Final answer:
To solve the provided series, a pattern recognition approach is utilized where pairs of terms are imaginatively adjusted to reveal that the sum of the series simplifies to 2n². This method skips complex fractions combination and utilizes basic algebraic manipulation to identify that the sum is n squared.
Step-by-step explanation:
The problem provided by the student is a series in the form of fractions, where the numerators are constant (1) and the denominators are the product of sequential numbers (2, 3, 4,..., n). To find the sum of this series, a pattern must be recognized. By manipulating the terms of the series imaginatively such that you pair off terms (taking a part from the last and adding to the first, then taking from the penultimate to the second, and so on), it becomes clear that the sum of this series can be simplified to 2n².

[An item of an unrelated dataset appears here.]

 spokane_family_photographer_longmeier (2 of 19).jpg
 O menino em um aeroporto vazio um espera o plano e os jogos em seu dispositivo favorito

Mathematically, this can be seen when you add (n − 1) to the first term of the series and proceed similarly with the other terms. The sum will consist of n pairs of n, thus resulting in 2n². This method uses the intuitive understanding of how numbers combine and how series work, leaning on the student's familiarity with basic algebraic manipulation and series expansion concepts, along with visualizing numerical patterns.
To solve this series, no common denominator or multiplication technique is needed as suggested in series expansions or fractions combination. Instead, the pattern recognition simplifies the process, confirming that the sum of the series is simply n squared (n²), under the assumption that the original expression aligns with the pattern provided.